Très jeune, Henri Grouès renonce à sa vie de petit bourgeois lyonnais et entre au Couvent des capucins de Crest dans la Drôme pour consacrer sa vie à Dieu.

Il espère devenir prêtre et durant sept années, sa formation consiste à étudier et adorer Dieu. Mais, de constitution fragile (ce qui est presque difficile à croire puisqu'il a vécu jusqu'à quatre-vingt-quatorze ans) il est obligé de quitter le couvent. Est-ce que Dieu réclame vraiment que ses fidèles vivent dans un tel dénuement, une telle austérité, un tel froid au (mé)prix de leur santé ? Mobilisé pendant la seconde guerre mondiale en tant que sous-officier, il devient résistant dans le Vercors, sauve des juifs. Devenu clandestin il fait la rencontre de Lucie Coutaz qui le cache sous un faux nom. Elle devient sa secrétaire, sa compagne, ils vivront ensemble pendant quarante ans, et sera avec lui la fondatrice du mouvement Emmaüs. Nous n'en sommes qu'en 1943 et on a l'impression que celui qui est désormais l'Abbé Pierre a déjà vécu mille vies. Il sera aussi miraculeusement rescapé d'un naufrage, survivant aussi d'addiction aux amphétamines pour tenir le coup, d'une interminable hospitalisation forcée de dix-huit mois... mille vies en une et toujours la même bonté, le même dévouement, l'abnégation, et une colère jamais apaisée. Dès la fin de la guerre il est élu député et consacre son salaire aux actions caritatives. Lorsque l'argent manque il n'hésite pas à faire la manche.
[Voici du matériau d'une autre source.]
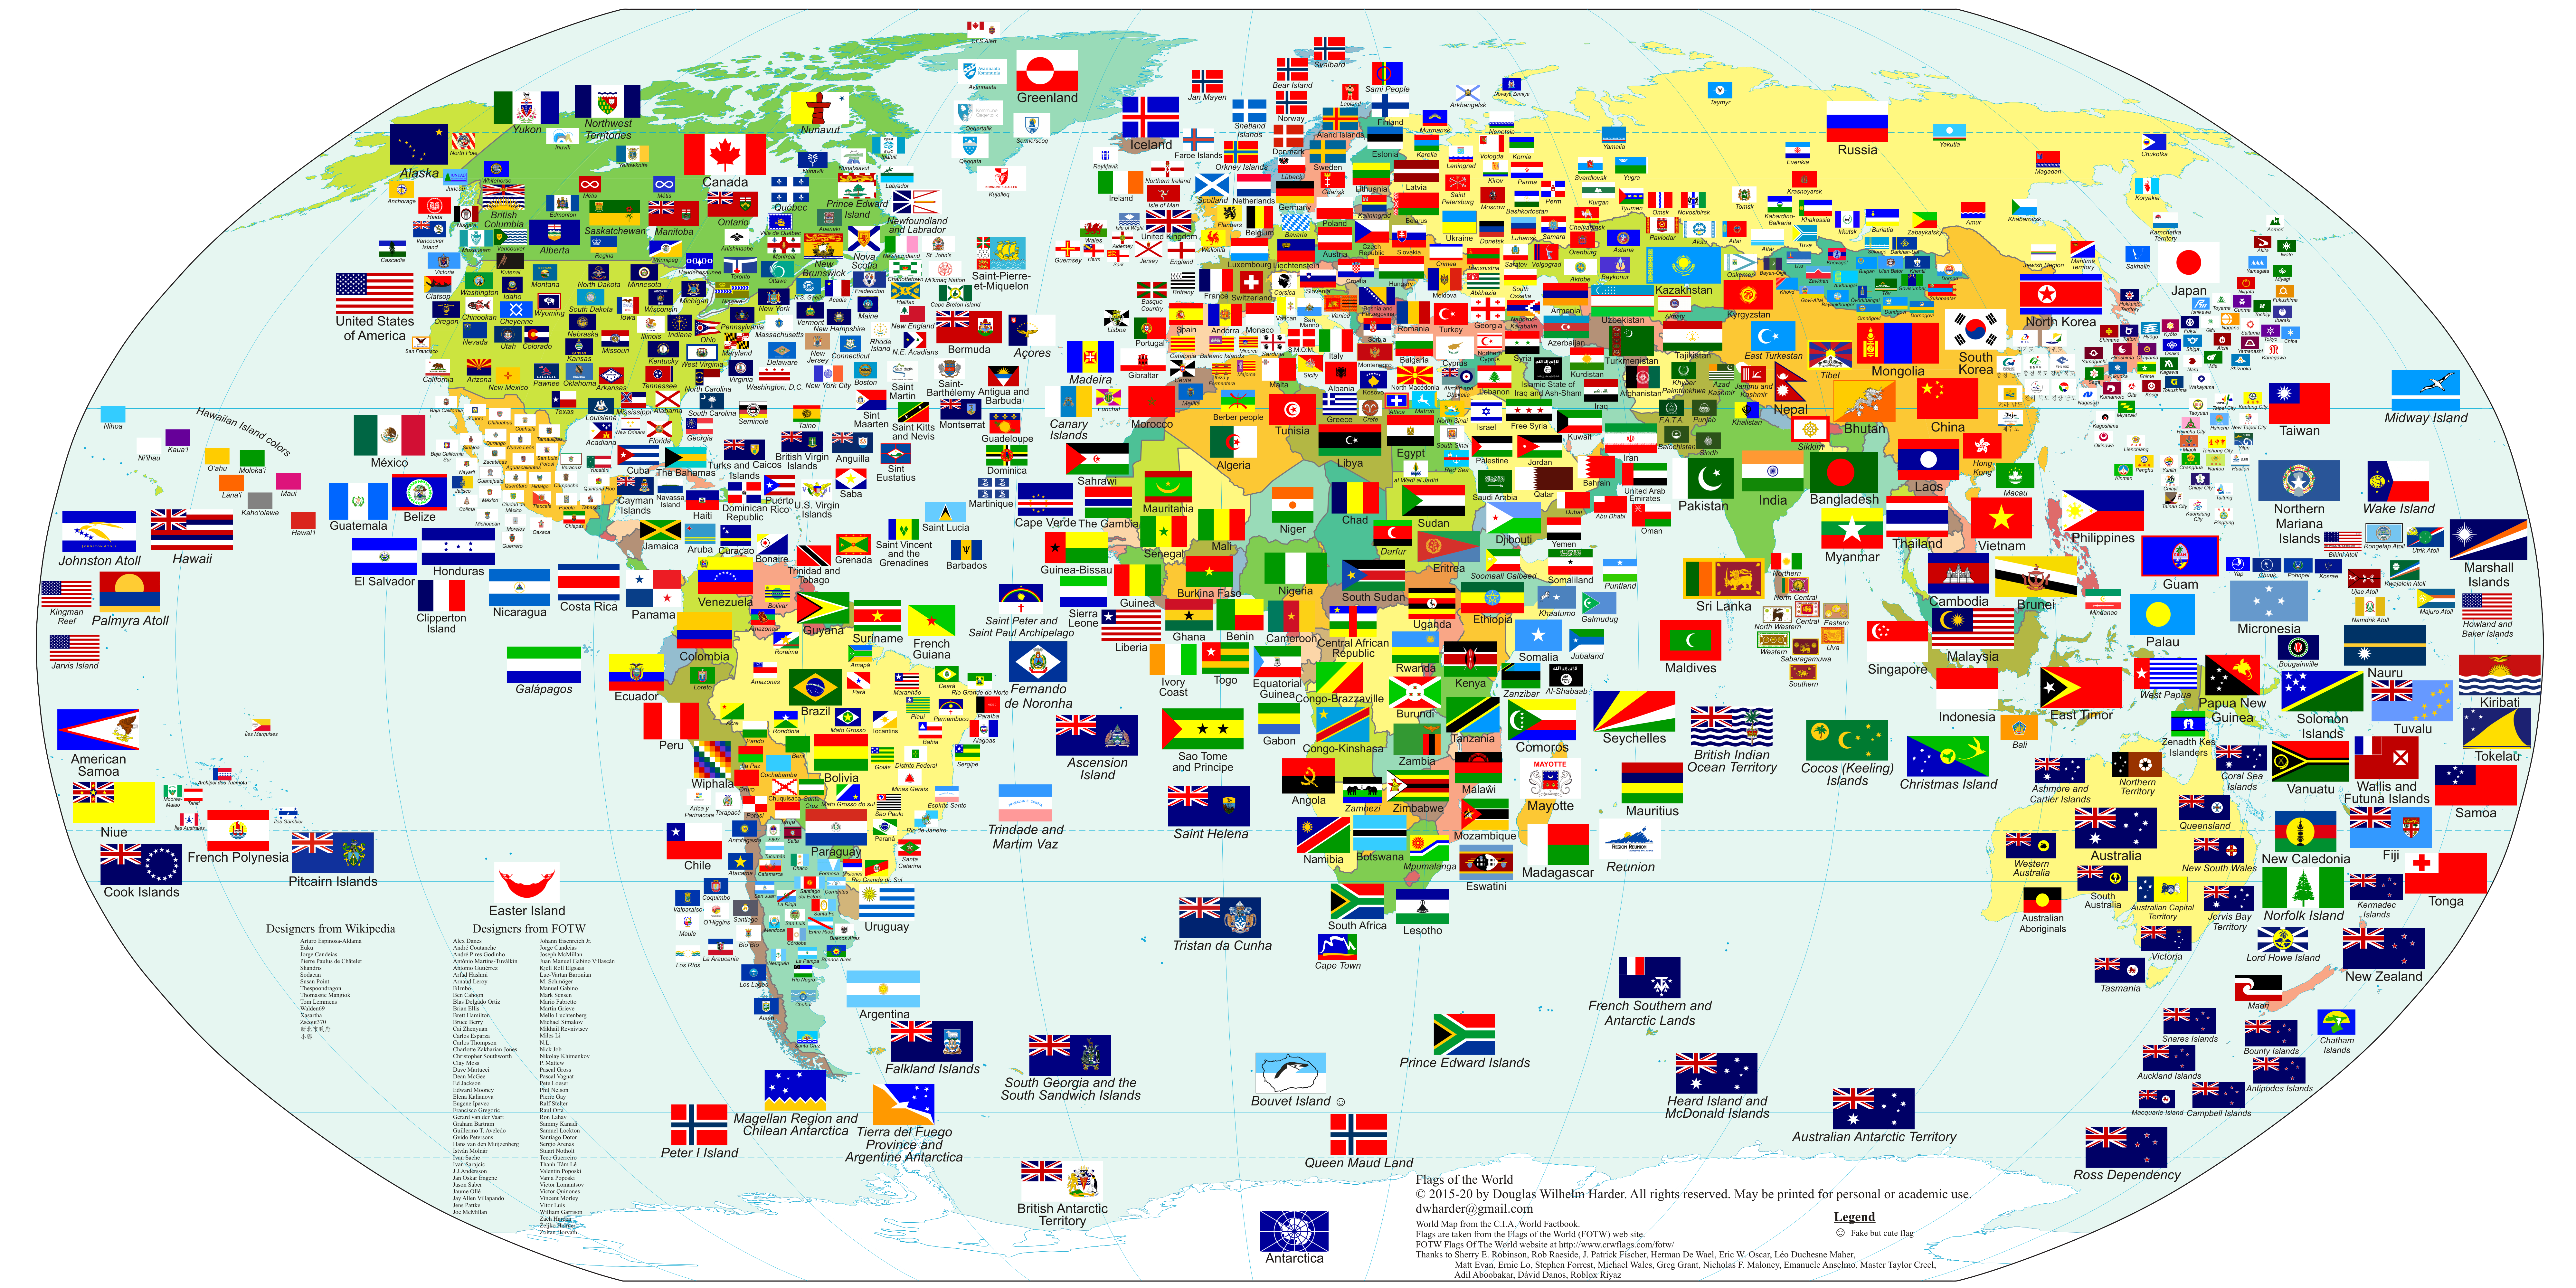 flags of the world labeled

J'ai vu d'autres films, rassurez-vous, mais je dois me "débarrasser" de celui-ci car, je n'irai pas par quatre chemins, il m'a bouleversée et j'en suis encore imprégnée vingt-quatre heures après l'avoir vu. J'ai hésité, avancé, reculé, me disant qu'il s'agissait typiquement du genre de film qui tient dans sa bande-annonce, et puis j'ai "pris du retard", et puis il y a tant de films qui sortent et celui-ci pourrait peut-être attendre. Mais finalement et puisque, contrairement à ceux qui se pincent le nez avec un haut le coeur dès qu'ils entendent ou prononcent le mot, je suis plutôt friande des biopics. J'ai bien fait de braver mes réticences. J'ai vu un vrai film de cinéma, avec des images, des décors, des ambiances, des reconstitutions, des cadrages, une interprétation dingue (j'y reviendrai) mais aussi une histoire stupéfiante et surtout j'ai fait la connaissance d'un homme, un héros, une rock-star dont je ne soupçonnais pas l'étendue de l'engagement, de la popularité et surtout des actes. Comme tout le monde, je connais le mouvement Emmaüs et son engagement de lutte contre la pauvreté et l'exclusion mais je connaissais bien peu l'homme à l'origine de ces communautés consacrées à l'entraide envers plus pauvre que soi et à la solidarité.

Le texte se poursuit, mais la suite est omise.